The plateau is the park of the island, half a mile broad, and a mile and more long. Upon it grows the best of the bloodwoods (EUCALYPTUS CORYNBOSA), the red stringy bark (E. ROBUSTA), Moreton Bay ash (E. TESSALARIS), various wattles, the gin-gee of the blacks (DIPLANTHERA TETRAPHYLLA). PANDANUS AQUATICUS marks the courses and curves of some of the gullies. A creek, hidden in a broad ribbon of jungle and running from a ravine in the range to the sea, divides our park in fairly equal portions.

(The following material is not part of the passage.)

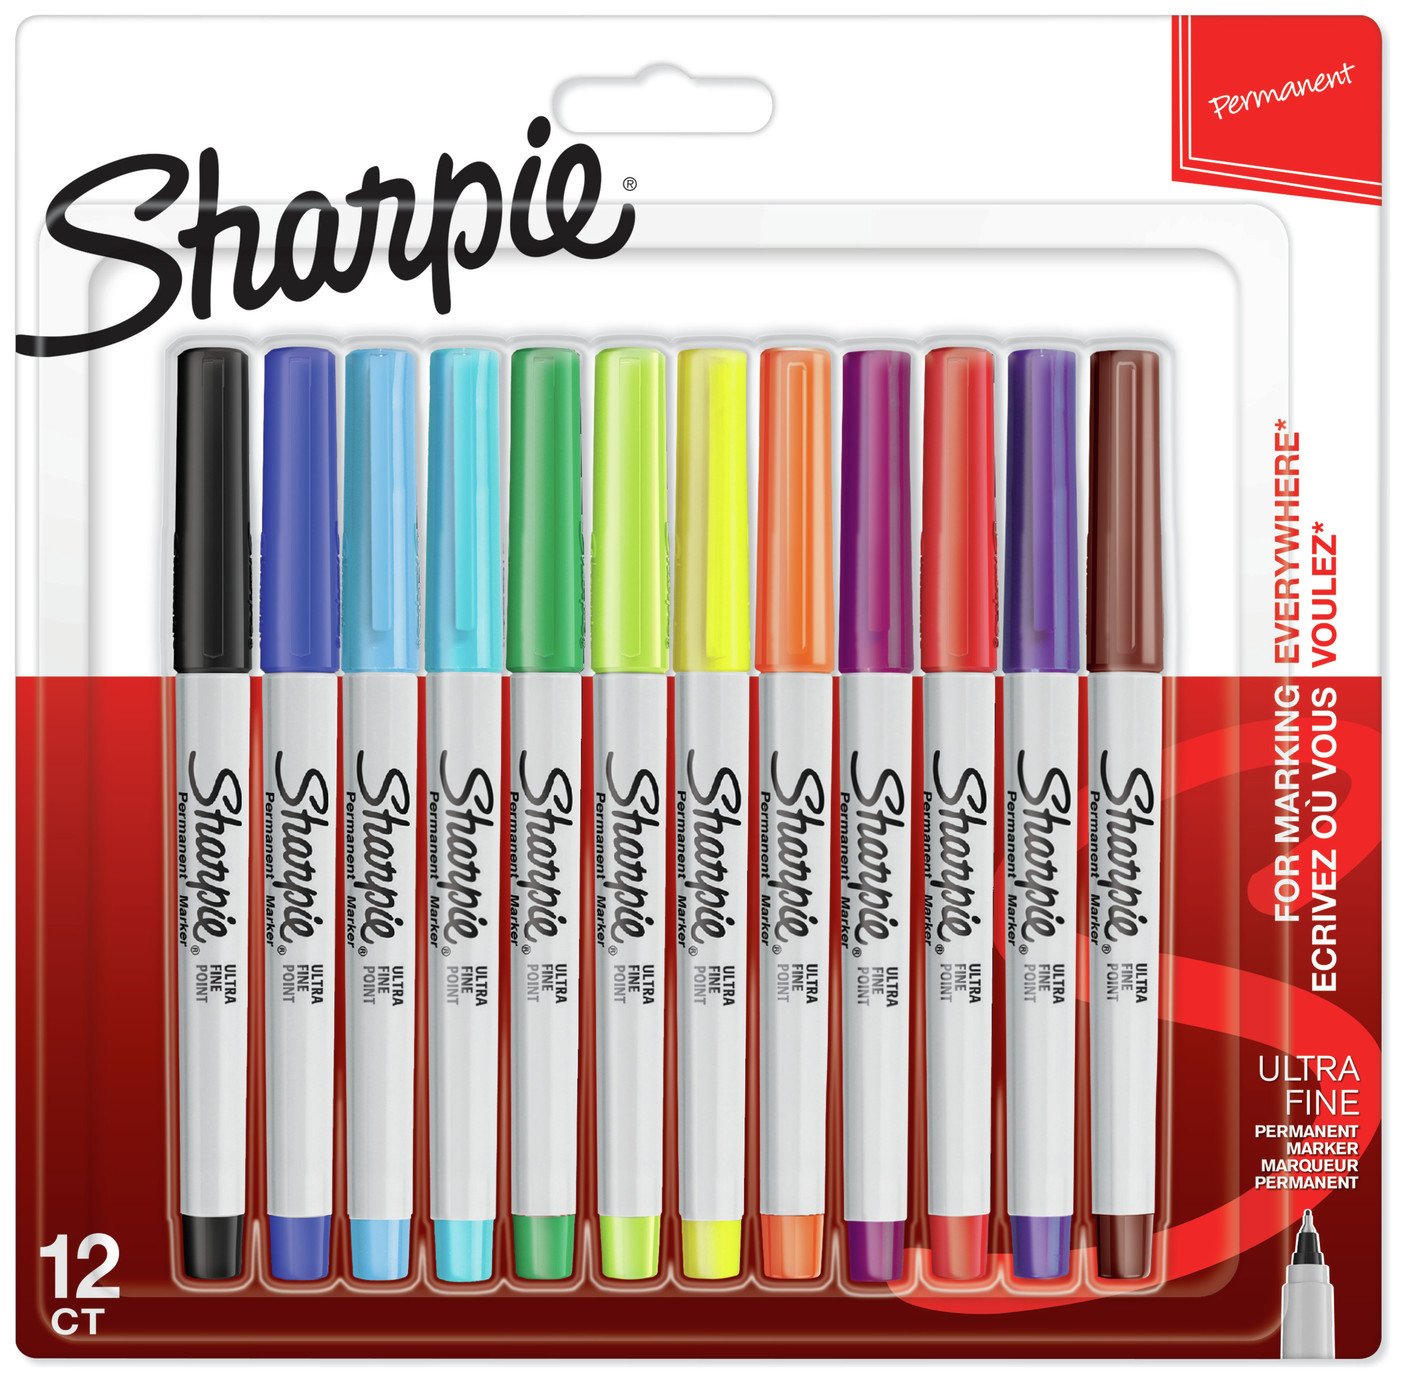 Sharpie Ultra Fine Assorted Permanent Markers - 12 Pack
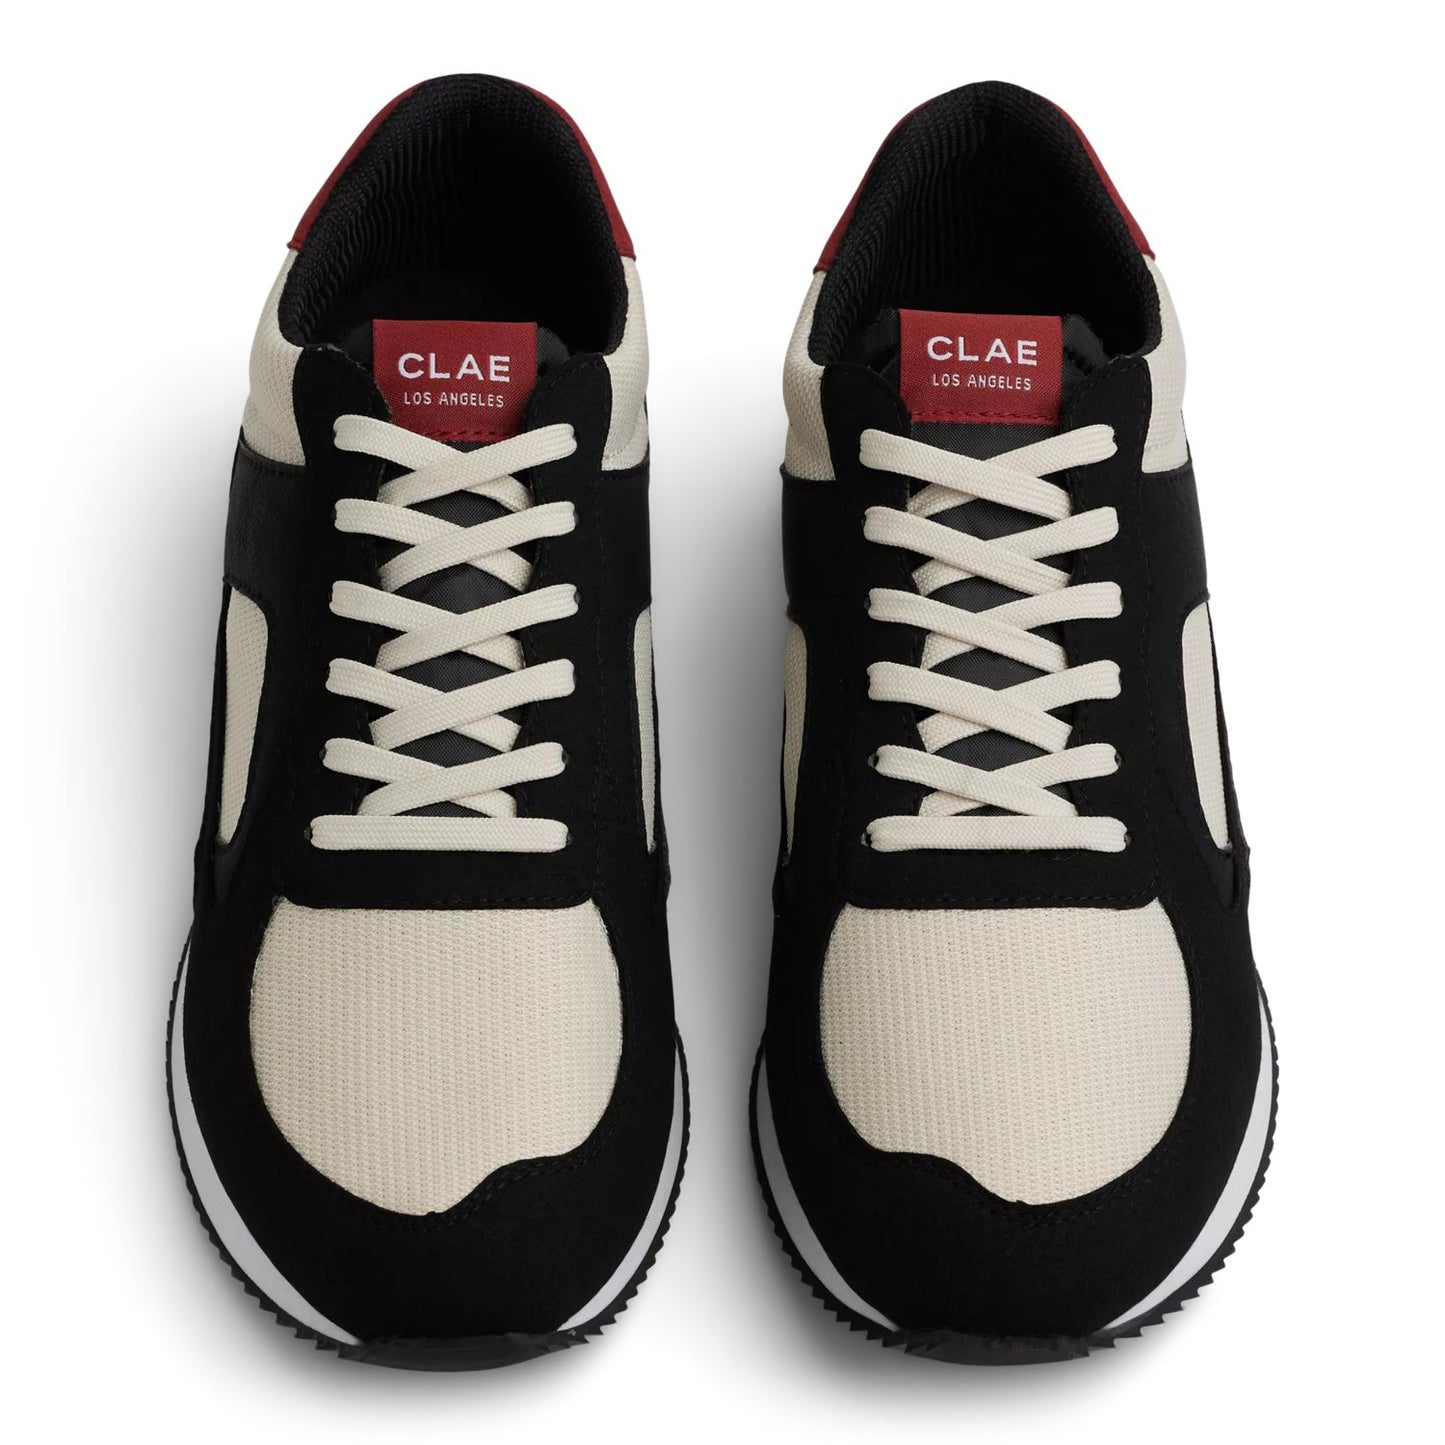 Edson Low-Top Trainers

Most part of the range is heavily draped with jungle--that is, on the western aspect. Just above the splash of the Pacific surges on the weather or eastern side, low-growing scrub and restricted areas of forest, with expansive patches of jungle, plentifully intermixed with palms and bananas, creep up the precipitous ascent to the summit of the range--870 feet above the sea. So steep is the Pacific slope that, standing on the top of the ridge and looking down, you catch mosaic gleams of the sea among the brown and grey tree-trunks. But for the prodigality of the vegetation, one slide might take you from the cool mountain-top to the cooler sea. The highest peak, which presents a buttressed face to the north, and overlooks our peaceful bay, is crowned with a forest of bloodwoods, upon which the jungle steadily encroaches. The swaying fronds of aspiring palms, adorned in due season with masses of straw-coloured inflorescence, to be succeeded by loose bunches of red, bead-like berries, shoot out from the pall of leafage. In the gloomy gullies are slender-shafted palms and tree-ferns, while ferns and mosses cover the soil with living tapestry, and strange, snake-like epiphytes cling in sinuous curves to the larger trees. The trail of the lawyer vine (CALAMUS OBSTRUENS), with its leaf sheath and long tentacles bristling with incurved hooks, is over it all. Huge cables of vines trail from tree to tree, hanging in loops and knots and festoons, the largest (ENTADA SCANDENS) bearing pods 4 feet long and 4 inches broad, containing a dozen or so brown hard beans used for match-boxes. Along the edge of the jungle, the climbing fern (LYNGODIUM) grows in tangled masses sending its slender wire-like lengths up among the trees--the most attractive of all the ferns, and glorified by some with the title of "the Fern of God," so surpassing its grace and beauty.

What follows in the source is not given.